Influenza is a highly contagious respiratory disease and epidemics of influenza cause substantial morbidity and mortality worldwide. The Advisory Committee on Immunization Practices (ACIP) recommends influenza vaccination for all persons 6months of age and older who do not have contraindications. The seasonal influenza vaccine requires frequent updates due to the constant evolution of influenza viruses resulting in antigenic drift.

As a World Health Organization Collaborating Centers (WHO CC) for Reference and Research on Influenza and a member of the Global Influenza Surveillance Network, the Centers for Disease Control and Prevention (CDC) closely monitors the genetic and antigenic evolution of circulating influenza viruses. The five WHO CCs meet twice each year to recommend the virus strains composition for the upcoming season’s influenza vaccine. The meeting is held every February for the northern hemisphere influenza vaccine recommendations and every September for the southern hemisphere influenza vaccine recommendations. Epidemiological, genetic, antigenic, as well as serological data are critical in guiding vaccine recommendations.

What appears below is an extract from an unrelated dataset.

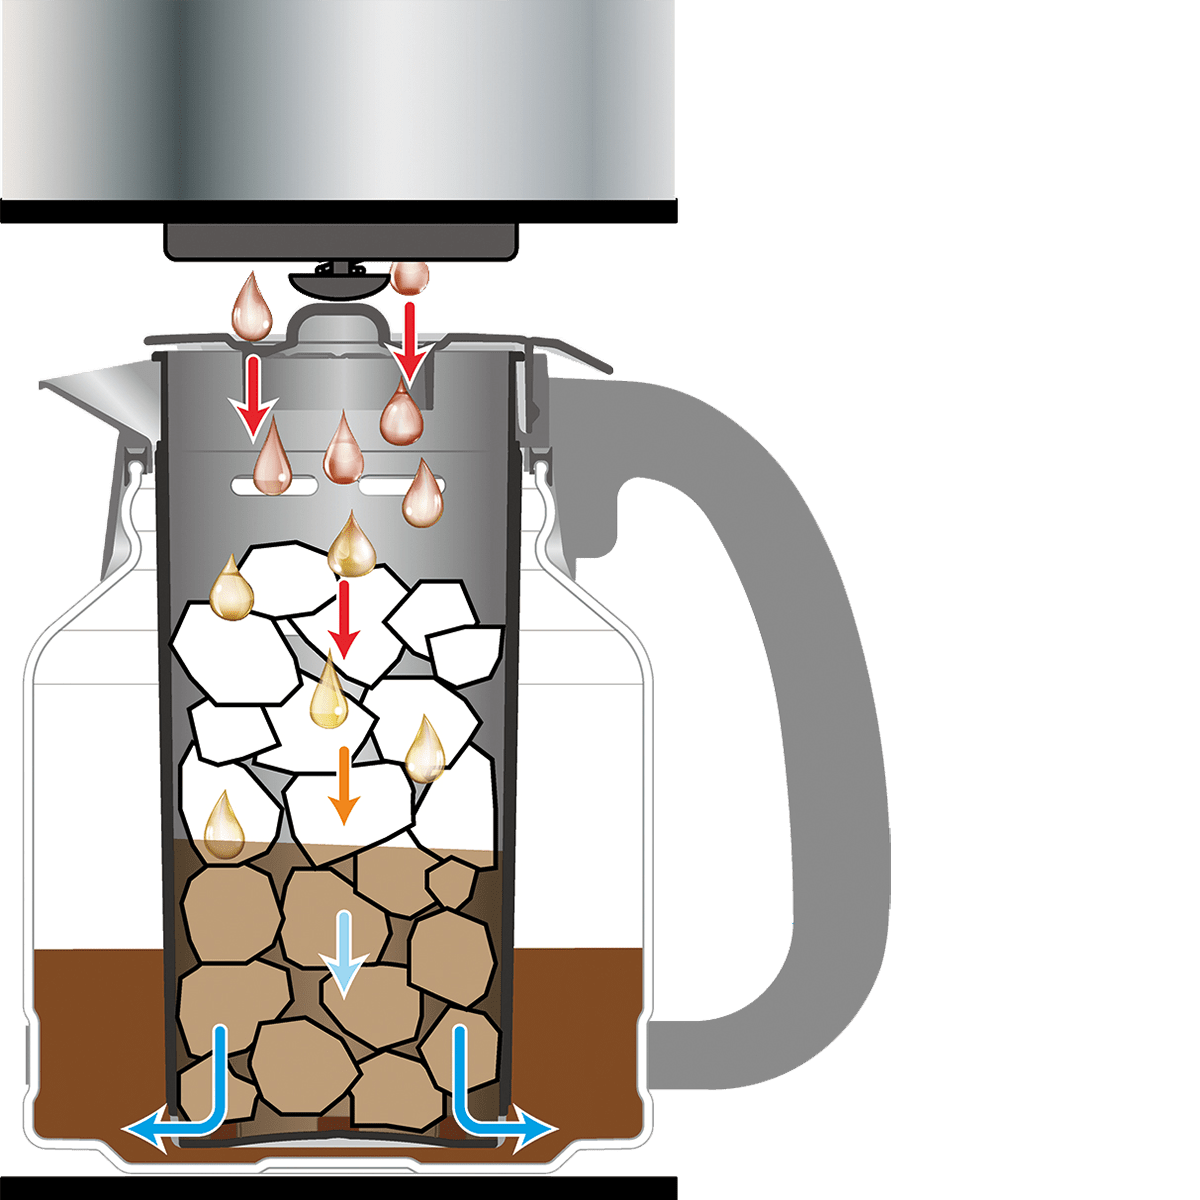 https://s3-assets.quenchessentials.com/media/images/products/zojirushi-ec-ygc120xb-coffee-maker-iced-coffee-graphic.png

CDC is seeking pre- and post- influenza immunization sera panels from six age cohorts, young pediatric (6 to 35months), older pediatric and adolescent (3 to 8years old and 9 to 17 years old), adult (18 to 49 years old), older adult (50 to 64 years old) and elderly (65 years or older) populations to determine if antibodies induced by the current influenza vaccine effectively inhibit currently circulating influenza viruses. The ability of antibodies in post-influenza vaccine serum samples to inhibit hemagglutination or to neutralize currently circulating influenza viruses is a measure of how effective the current vaccine will be at inducing protective antibodies against circulating influenza viruses.

All sera panels will be tested by hemagglutination inhibition (HI),microneutralizaiton (MN) assays and other immunological assays to evaluate the immune response induced by the current influenza vaccines to newly circulating viruses. HI and MN results will also be analyzed to compare the seroconversions or four-fold rise in titers between pre- and post-vaccination sera induced by the current influenza vaccine to titer response rises demonstrated against newly circulating viruses.

In addition, CDC is seeking large volume post-influenza immunization sera from adult donors for use in hemagglutination inhibition, virus neutralization, and other relevant immunological assays for antigenic characterization of virus isolates submitted to CDC for surveillance and characterization of immune responses following influenza vaccination.